Holter spricht Tacheles mit Fraktion

Helmut Holter
Helmut Holter

Helmut Holter spricht Tacheles: Der neue Links-Fraktionschef im Landtag fordert eine Basiskonferenz seiner Partei. Nach der Schlammschlacht um seine Wahl sagte er unserer Redaktion: "Wir müssen Klärungen herbeiführen." Holter wurde gestern mit nur 8 von 13 Stimmen gewählt.

von
22. April 2009, 07:55 Uhr

Schwerin | "Ich erwarte, dass alle Fraktionsmitglieder sich hinter den gewählten Vorsitzenden stellen", sagte der Linkspolitiker gestern ultimativ gegenüber unserer Zeitung. Er reagierte damit auf das knappe Abstimmungsergebnis in der Linksfraktion und auch auf Vorwürfe seiner ehemaligen Ministerkollegin Marianne Linke in den Vortagen. Diese hatte in einem sehr persönlichen Brief, ihre Genossen eindringlich vor der Wahl Holters gewarnt.

Während der Landesvorstand am Wochenende Holter ausdrücklich den Rücken stärkte, spricht Marianne Linke in neuerlichen Vorwürfen von "Menschen verachtenden Angriffen auf ihre Person" und legte mit ihrer Kritik an Holter nach. "Wir brauchen für Mecklenburg-Vorpommern im Interesse der sozial benachteiligten Menschen eine andere Politik als sie Helmut Holter vertritt", spitzte sie zu.

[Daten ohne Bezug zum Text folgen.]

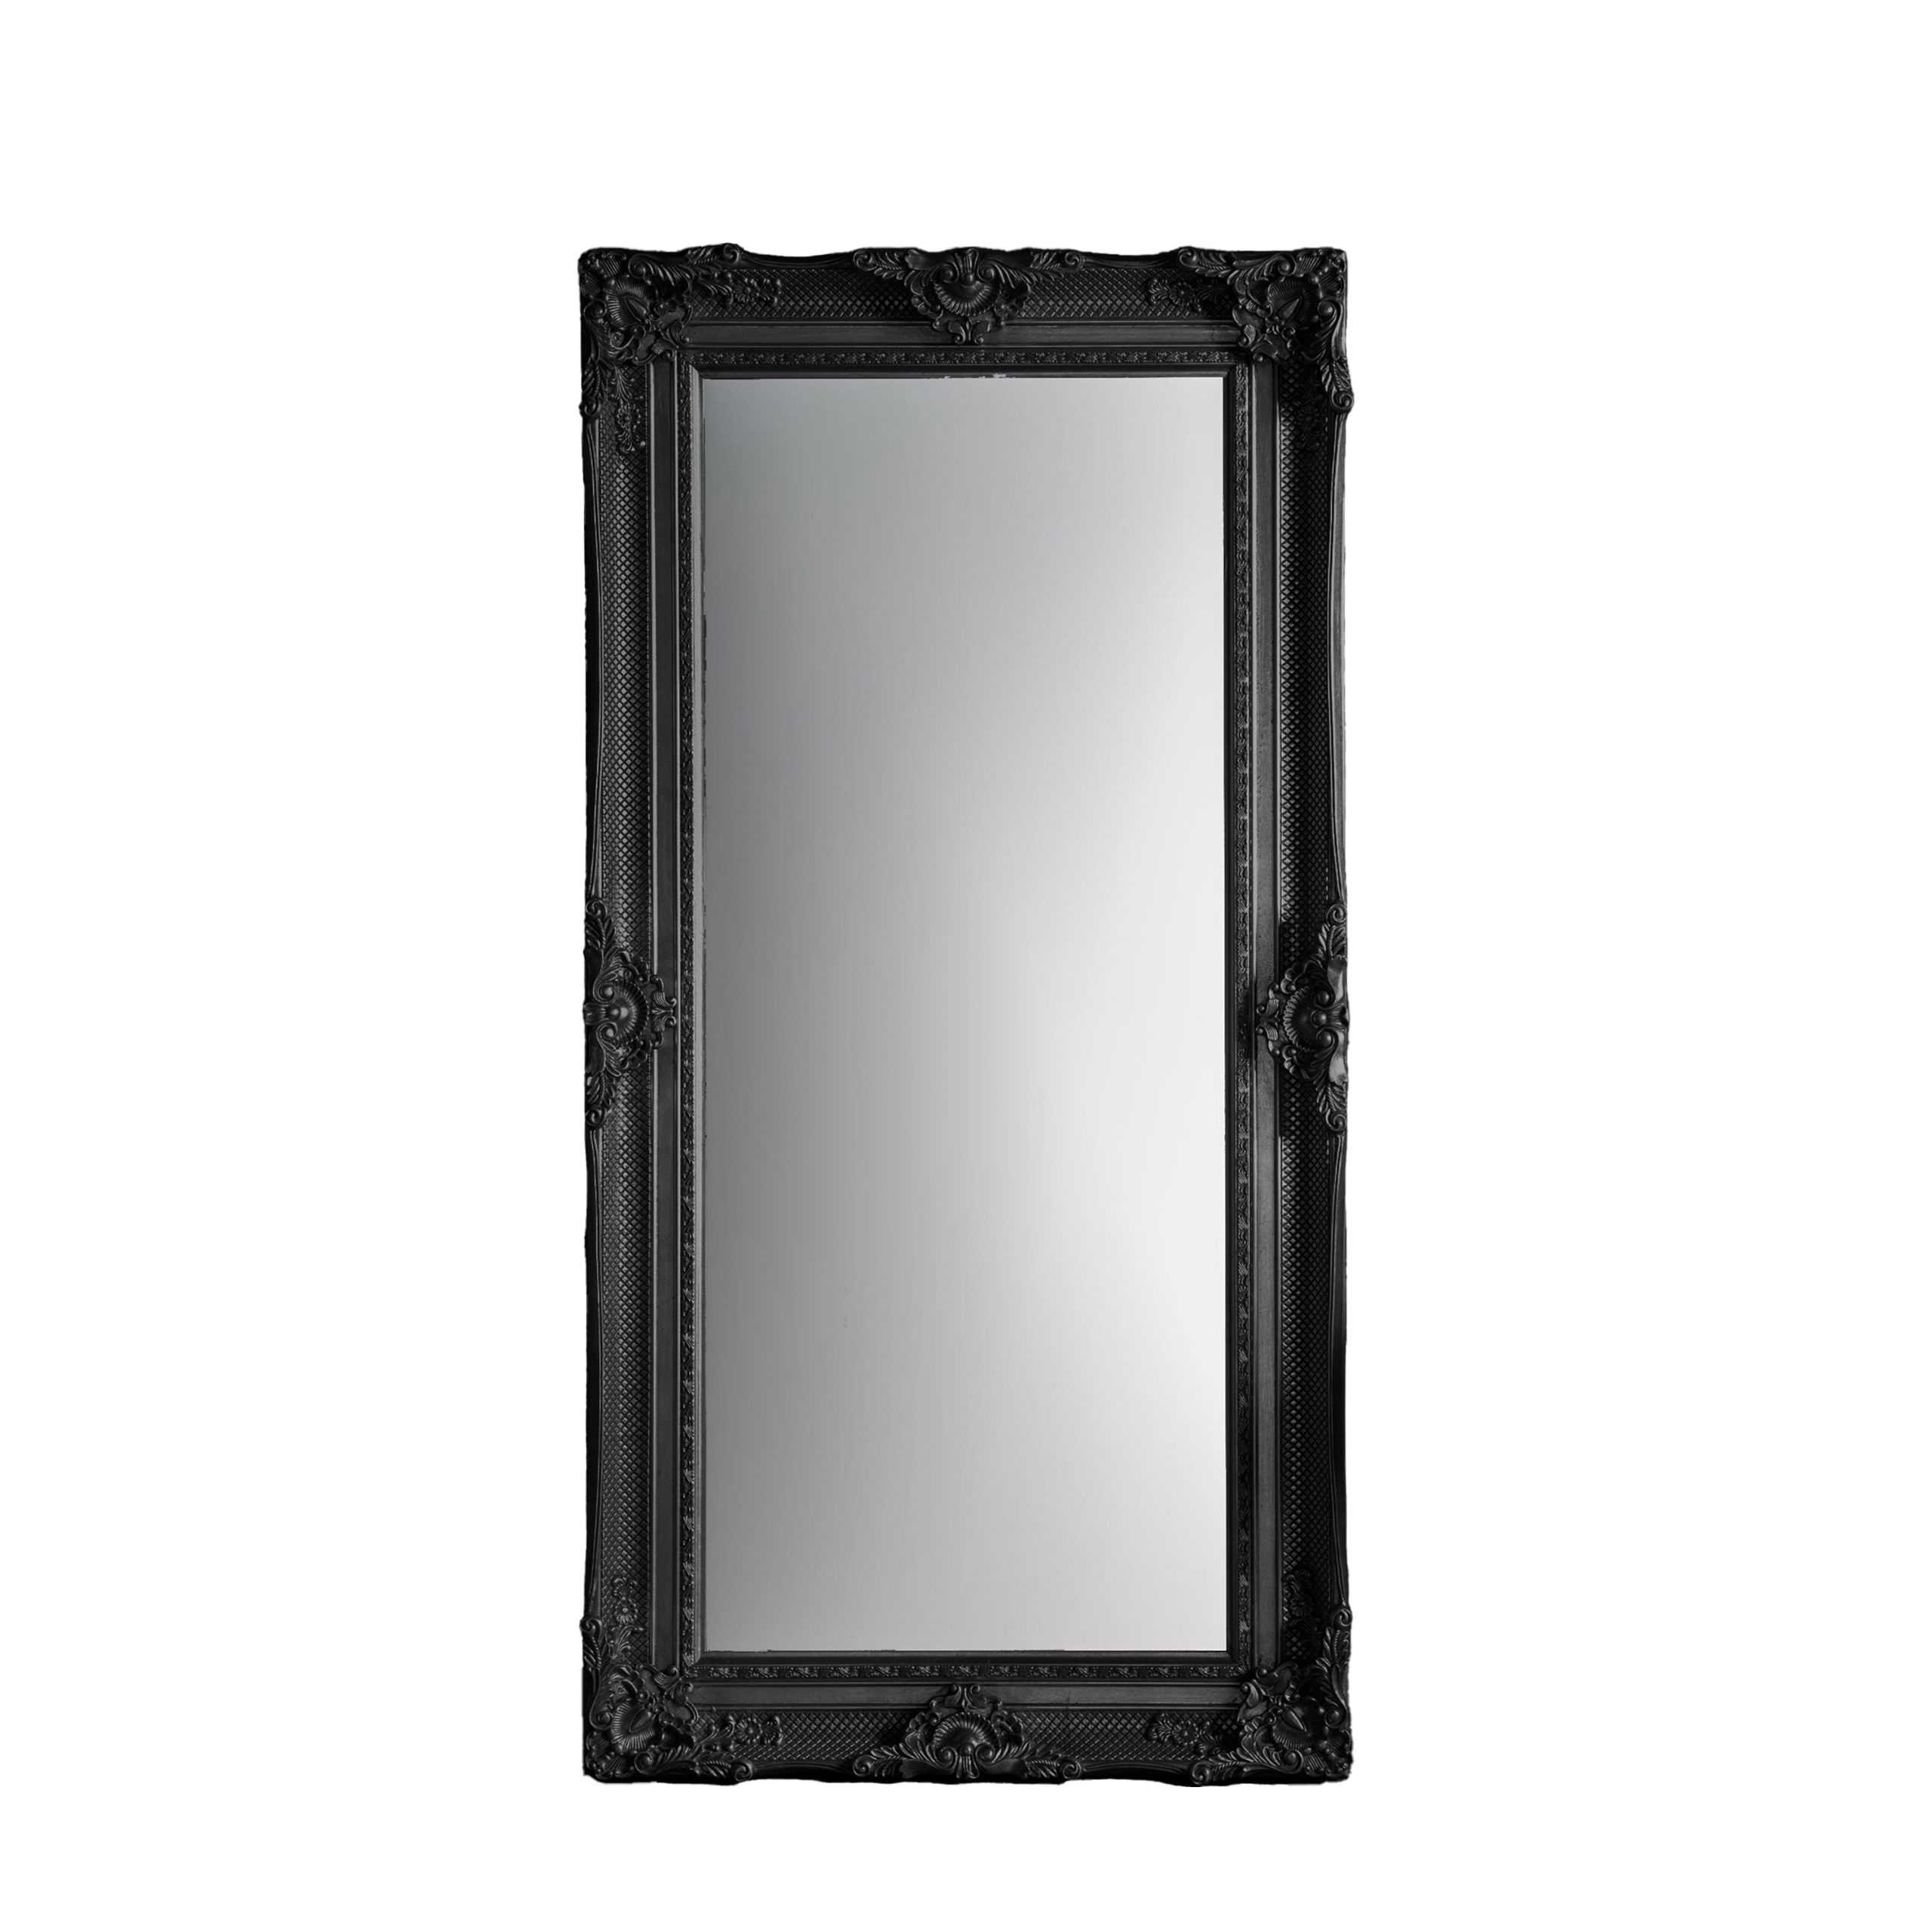 Gallery Direct Valois Leaner Mirror Black

Dieser reagiert gestern: "Ich halte es für besser, miteinander zu sprechen als Briefe zu schreiben." Holter fordert eine Grundsatzdebatte mit der Parteibasis. Nach der Kommunal- und Europawahl soll eine Basiskonferenz die Partei "fit machen" für die Bundestagswahl. Der neue Fraktionschef gegenüber unserer Zeitung: "Eine Partei ist nur wählbar, wenn sie als Ganzes wahrgenommen wird."

Die hitzige Debatte um die Wahl des ehemaligen Arbeitsministers zum neuen Fraktionsvorsitzenden hielt gestern bis zur eigentlichen Entscheidung an. Marianne Linke sah sich "völlig isoliert", so hart sei die Kritik gewesen, so ein Fraktionsmitglied. Dennoch haben auch Mitglieder der Antikapitalistischen Linken erklärt, dass sie Holter nicht wählen würden. Ein prominentes Mitglied dieser kommunistischen Parteiströmung, Barbara Borchardt, fiel daraufhin bei der Wahl des Fraktionsvizes zweimal durch.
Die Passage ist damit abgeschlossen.